Task statement>
Could you please output all of the data exactly, without the images?

Given information>
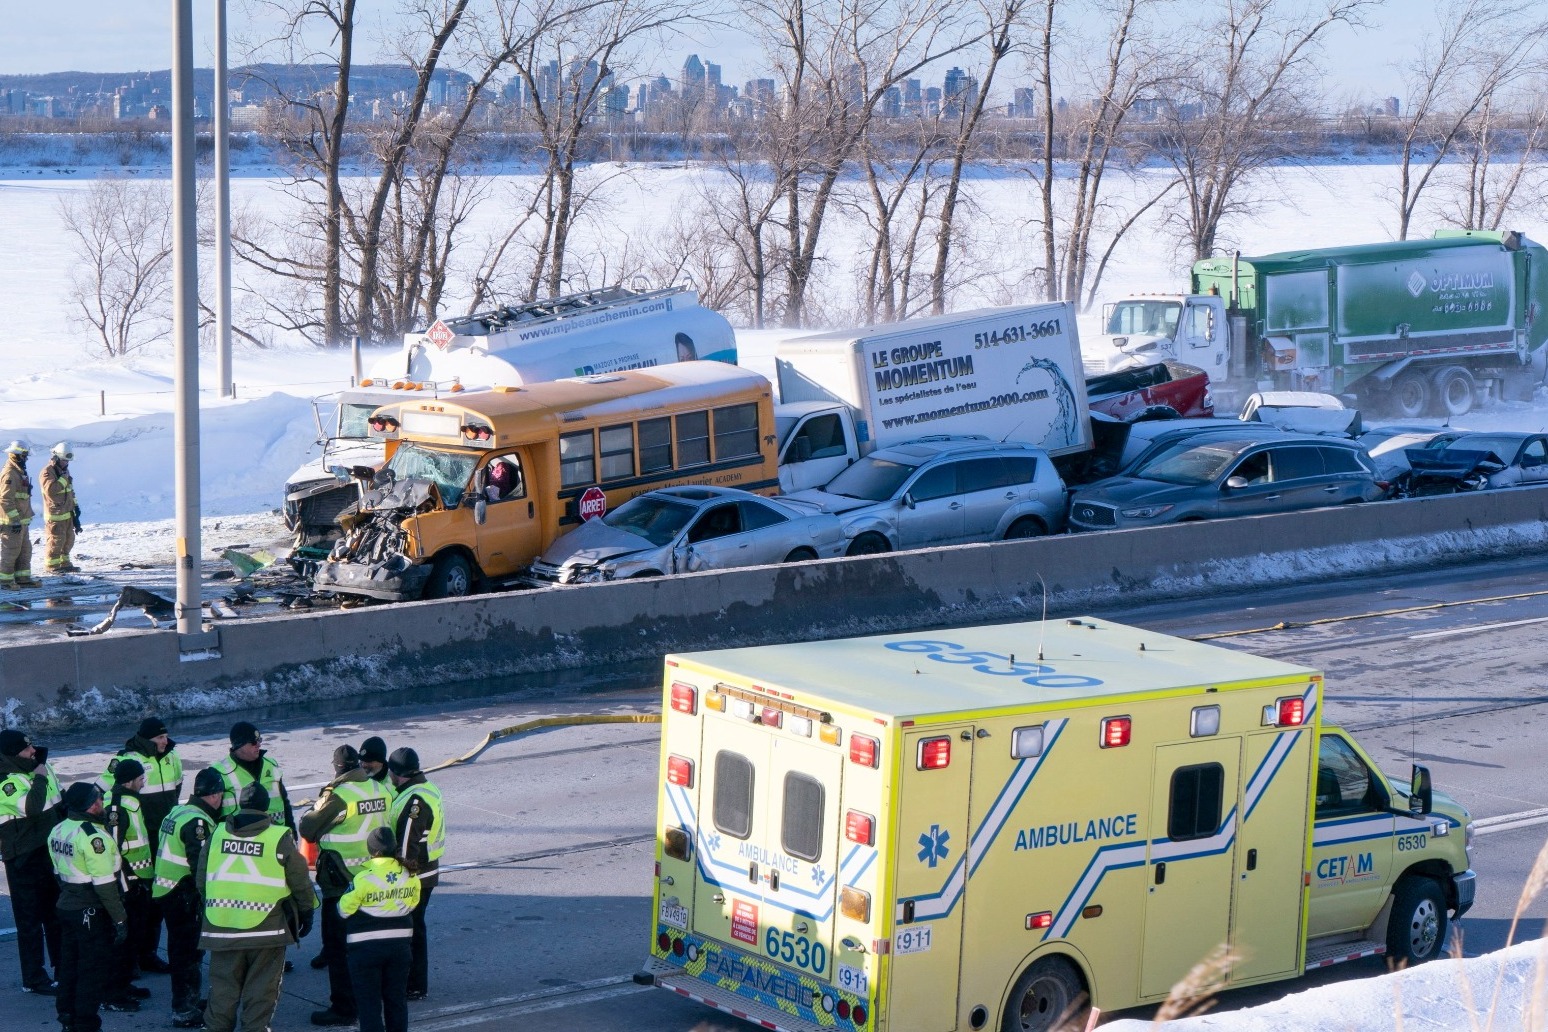 Blizzard-like conditions cause 200 vehicle pile-up in Canada 
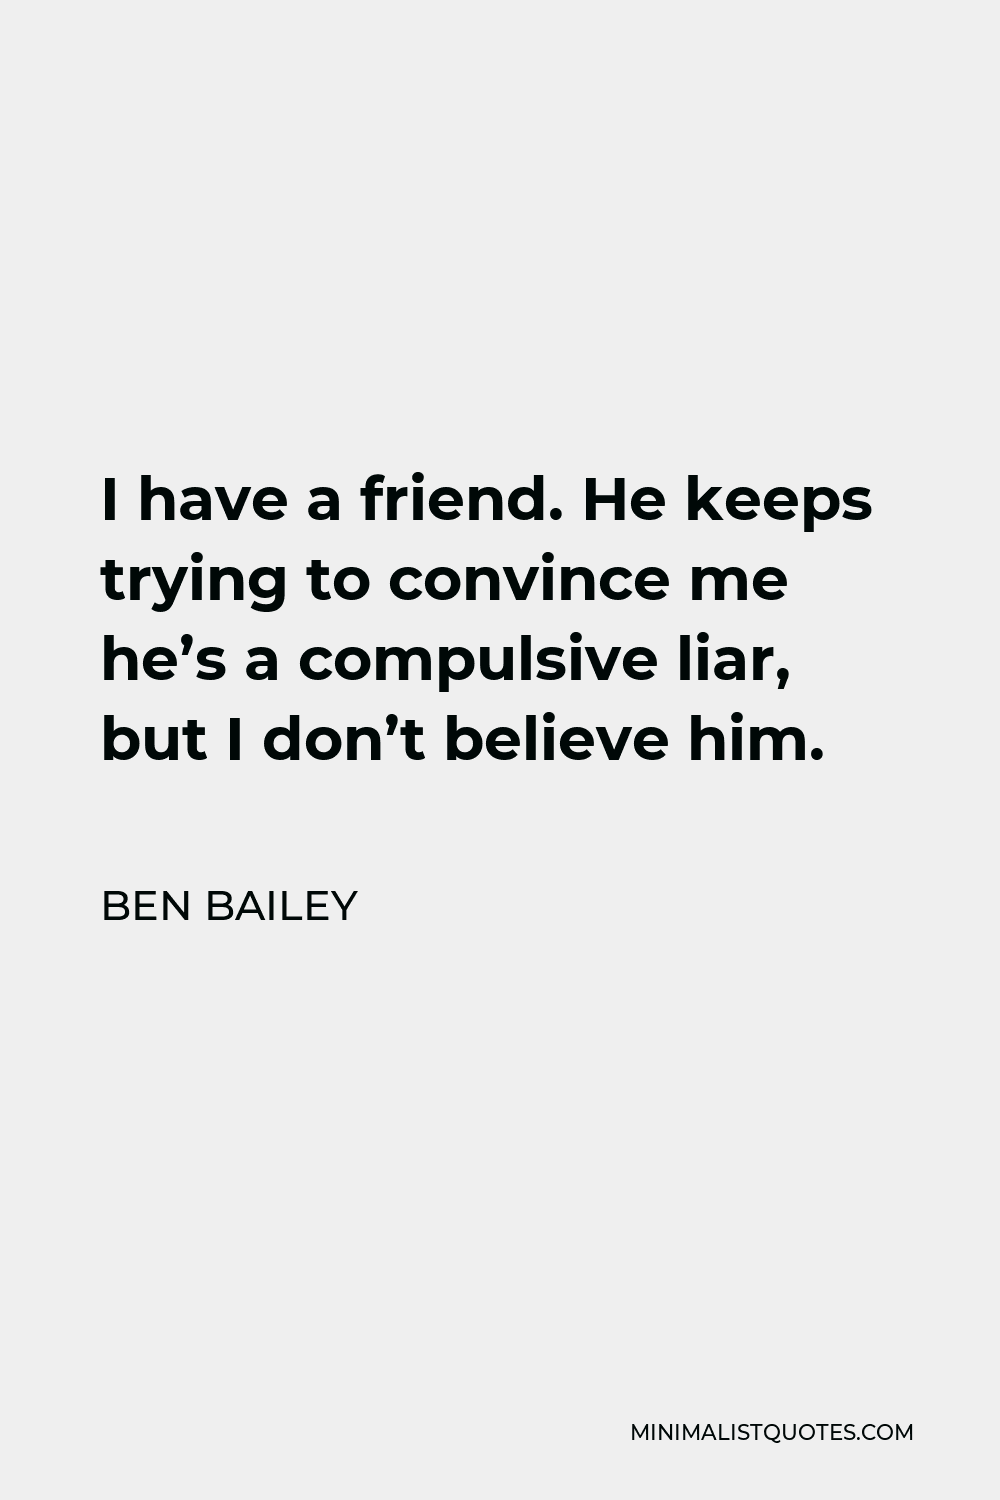 Ben Bailey Quote - I have a friend. He keeps trying to convince me he’s a compulsive liar, but I don’t believe him.
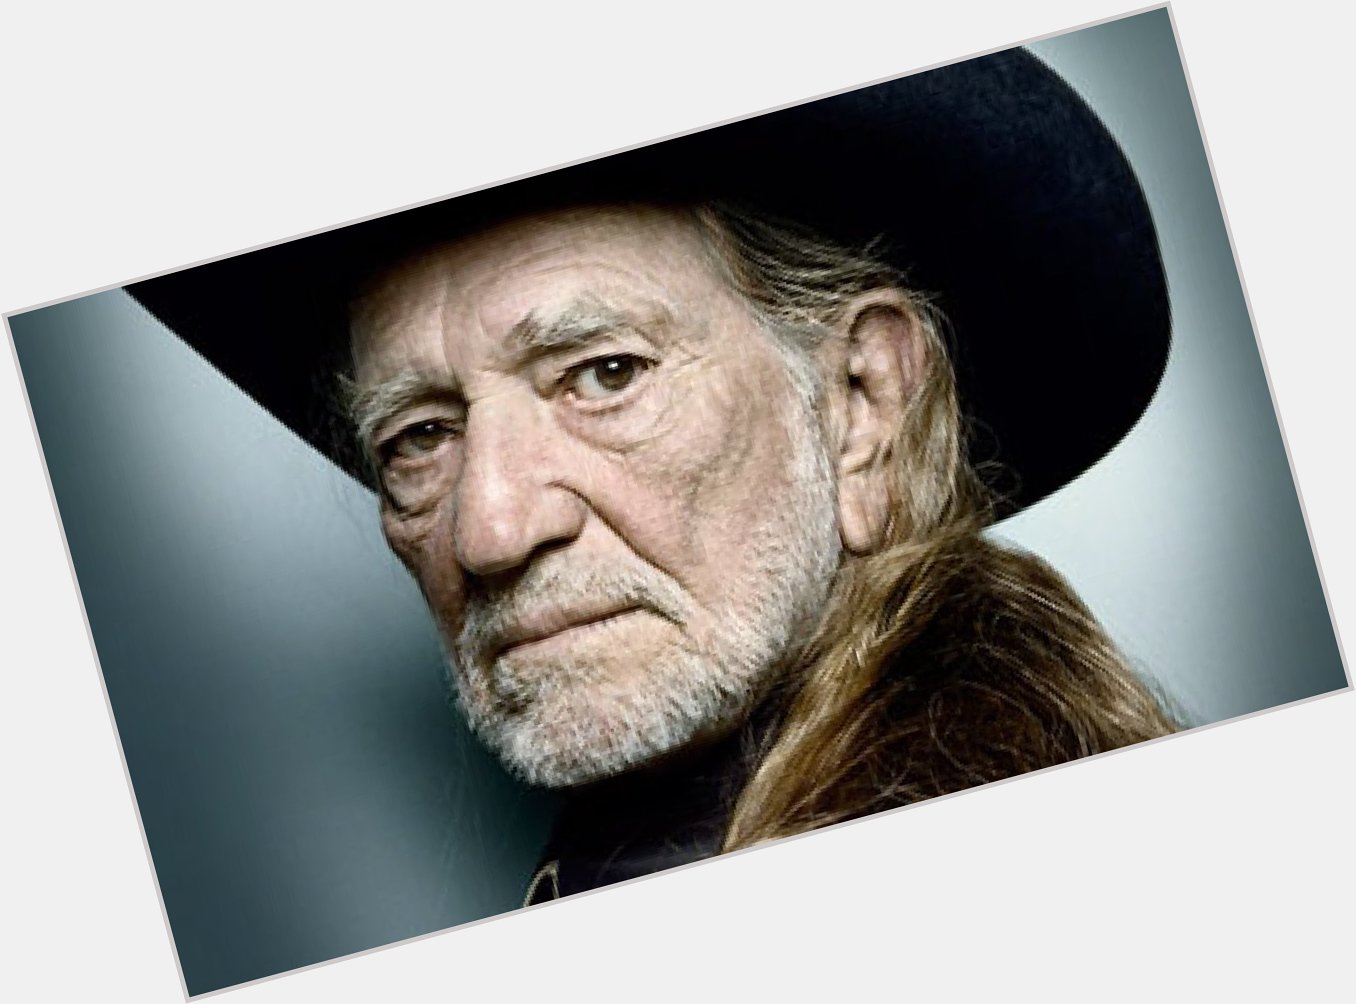 Happy 84th to country legend Willie Nelson  
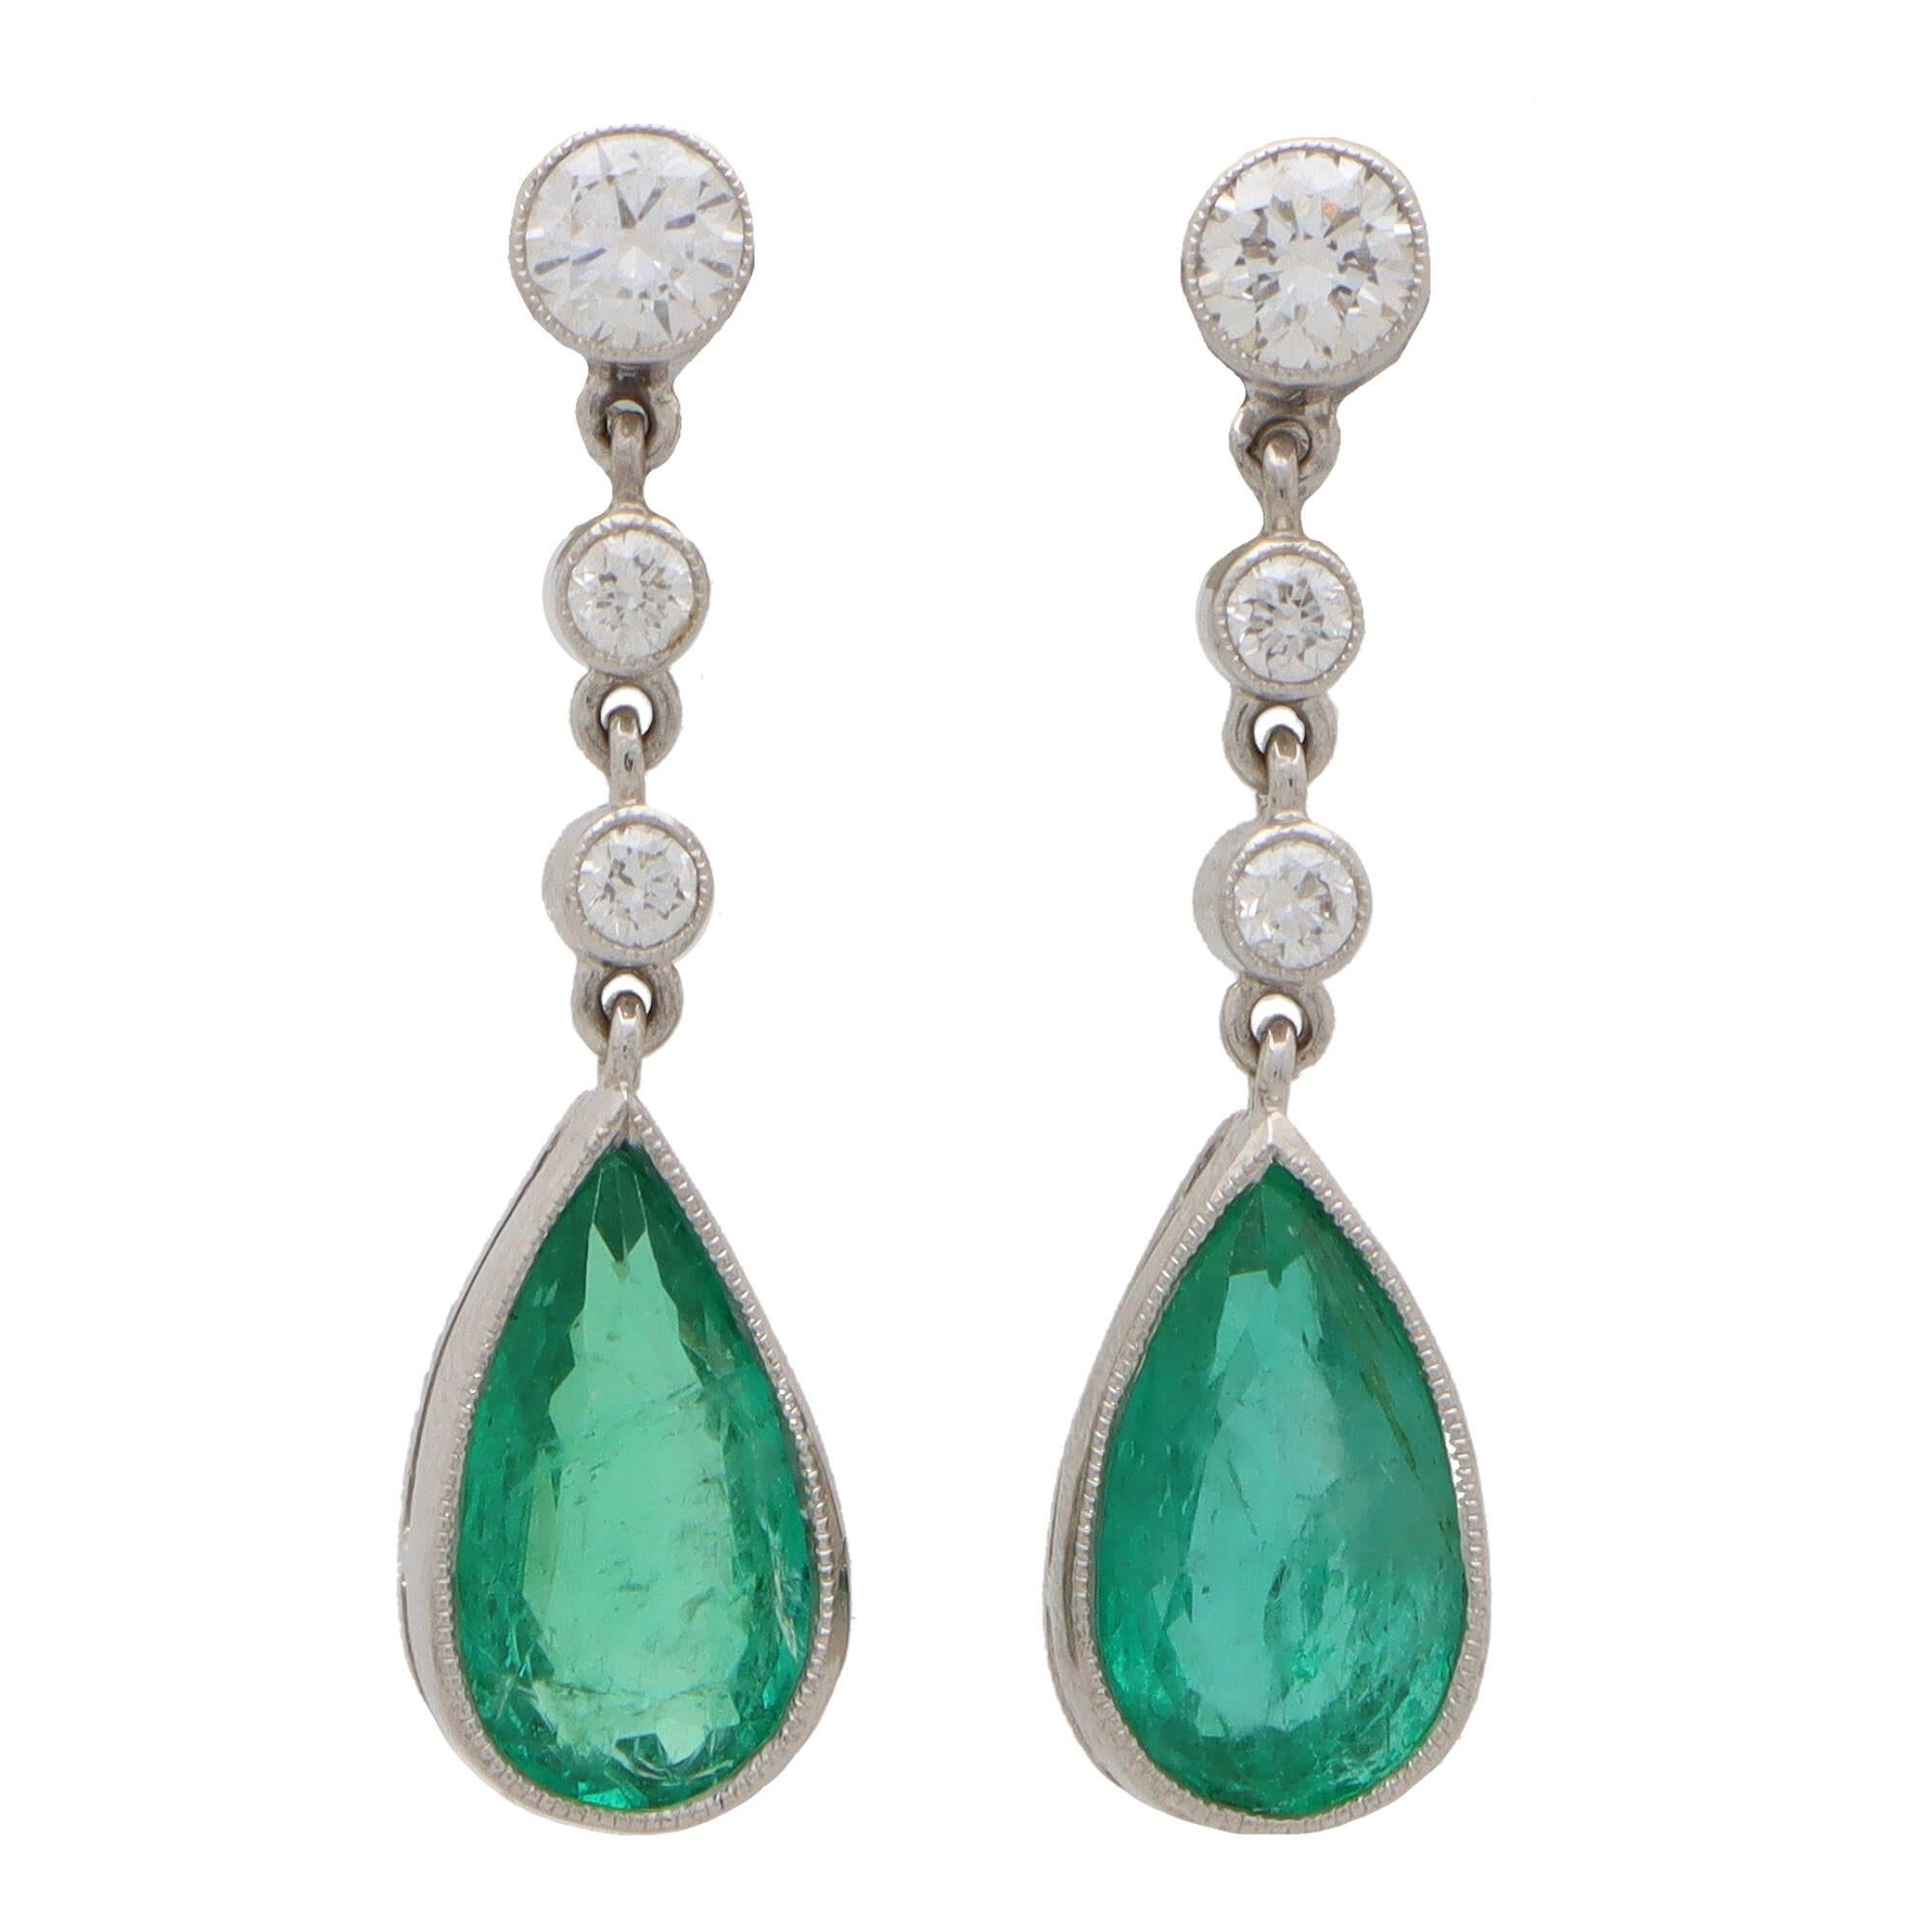 Women's or Men's Contemporary Pear Cut Emerald and Diamond Drop Earrings Set in 18k White Gold

Reply>
 Blizzard-like conditions cause 200 vehicle pile-up in Canada 
 Ben Bailey Quote - I have a friend. He keeps trying to convince me he’s a compulsive liar, but I don’t believe him.
 Happy 84th to country legend Willie Nelson  
 Women's or Men's Contemporary Pear Cut Emerald and Diamond Drop Earrings Set in 18k White Gold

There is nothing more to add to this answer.